When Father Michael Kennedy dropped the bombshell in Dungarvan's St Mary's Church on Sunday, the general reaction was stunned disbelief.

Two days later, locals in the quiet Irish south coast town were only barely accepting the enormity of the tragedy and that it may be all too real.

The absence of health-authority confirmation that the 25-year-old woman at the centre of the affair, born to Irish parents but brought up in England, has infected up to 80 local men with HIV has added to the bewilderment.

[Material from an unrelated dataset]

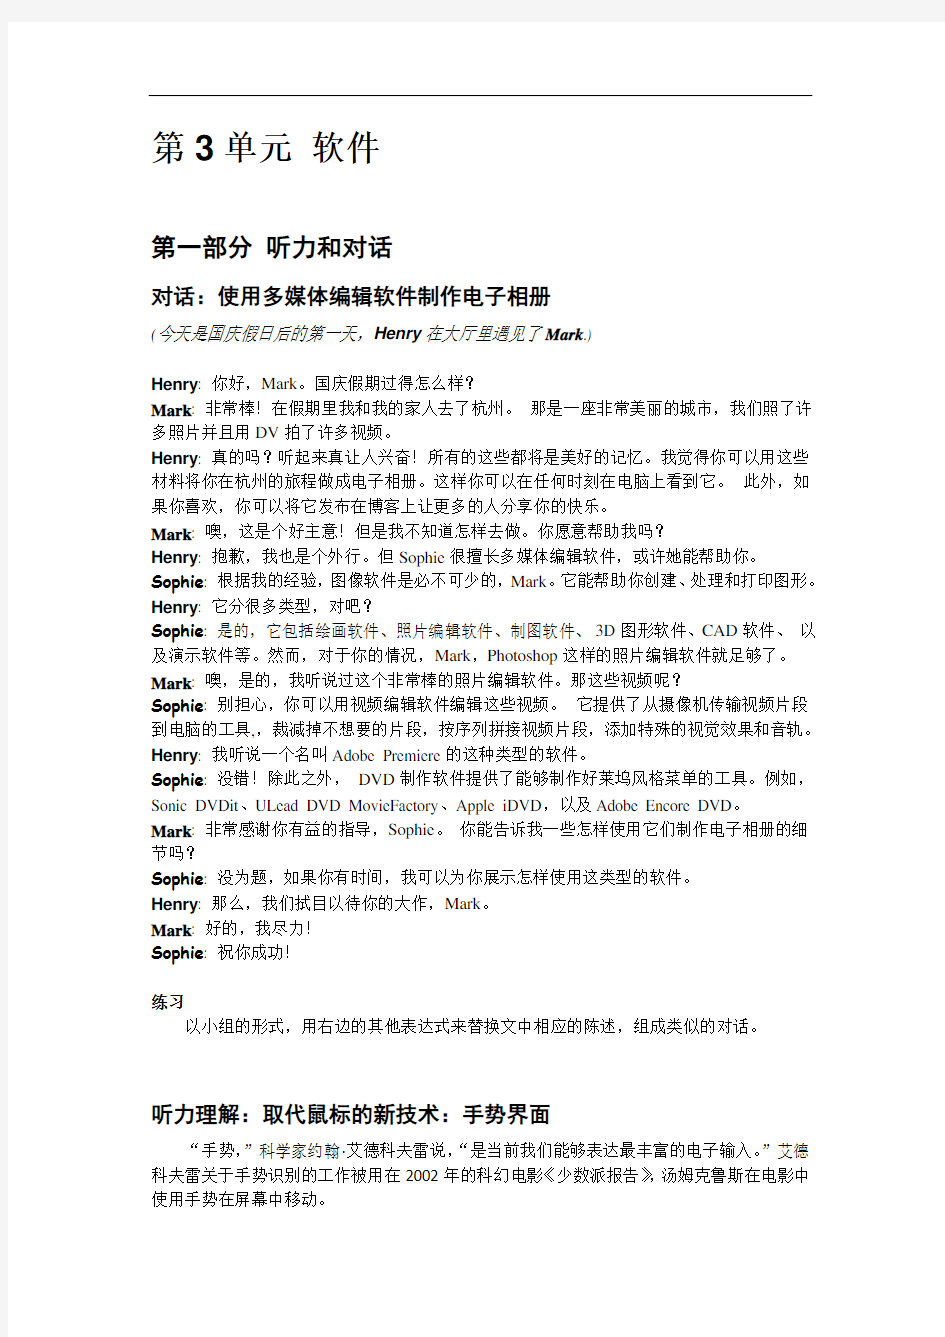 大学实用计算机英语教程第2版翻译机工版3_中文-1-1
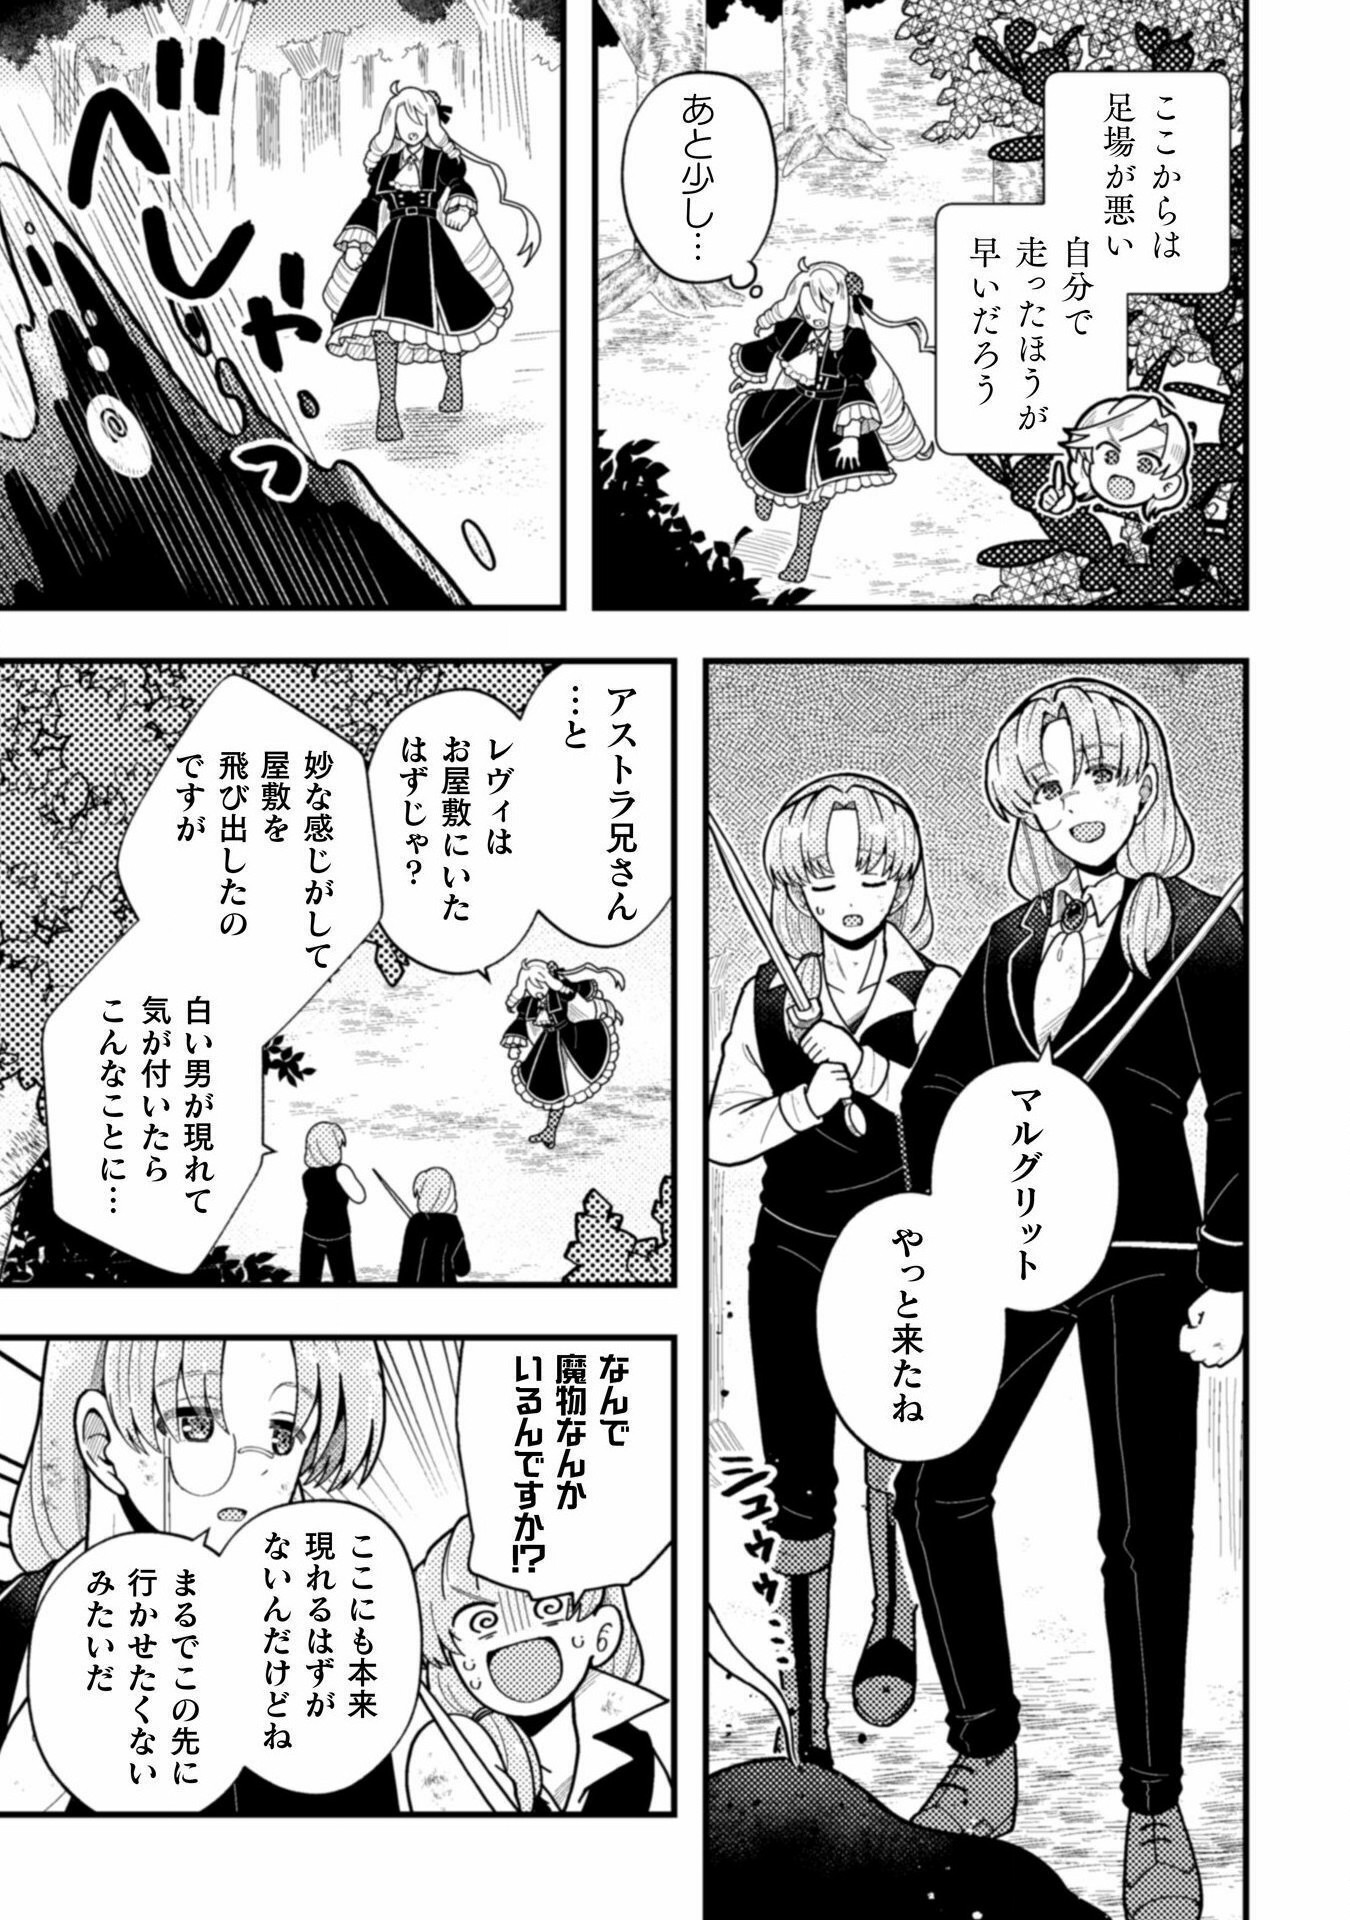 Otome Game no Akuyaku Reijou ni Tensei shitakedo Follower ga Fukyoushiteta Chisiki shikanai - Chapter 22 - Page 21

Local young people stress Dungarvan is no rural backwater living in innocent isolation. An industrial town of 7,000, it has big employers in Waterford Glass and pharmaceutical and food plants. Its pubs and night clubs are well equipped with condom machines; safe-sex programmes are taught in schools.

Father Kennedy commands respect and most parishioners said he was unlikely to make wild claims. Outside Noel Cummings bookmakers in the town centre, Brian Meehan, an easy-going young man with an ear-ring, said he disagreed with what the priest had done: "He should just have gone to the families. That would have been more sensible. This is terrifying the whole town ..." He and friends heard rumours six months ago that a number of local people had become HIV positive but heard no more about it since.

More sceptical views were voiced by two elderly brothers who asked not to be named. Like half the town, they were watching the media circus before them and exchanging opinions. They pointed to medical opinion that the chances of women infecting men were relatively slight.

"If it is eighty that have been infected, that means one in 10 of the men she slept with have it. Can you believe that?"

Other local people spoke disapprovingly of the prying outside interest, appalled at the invasion.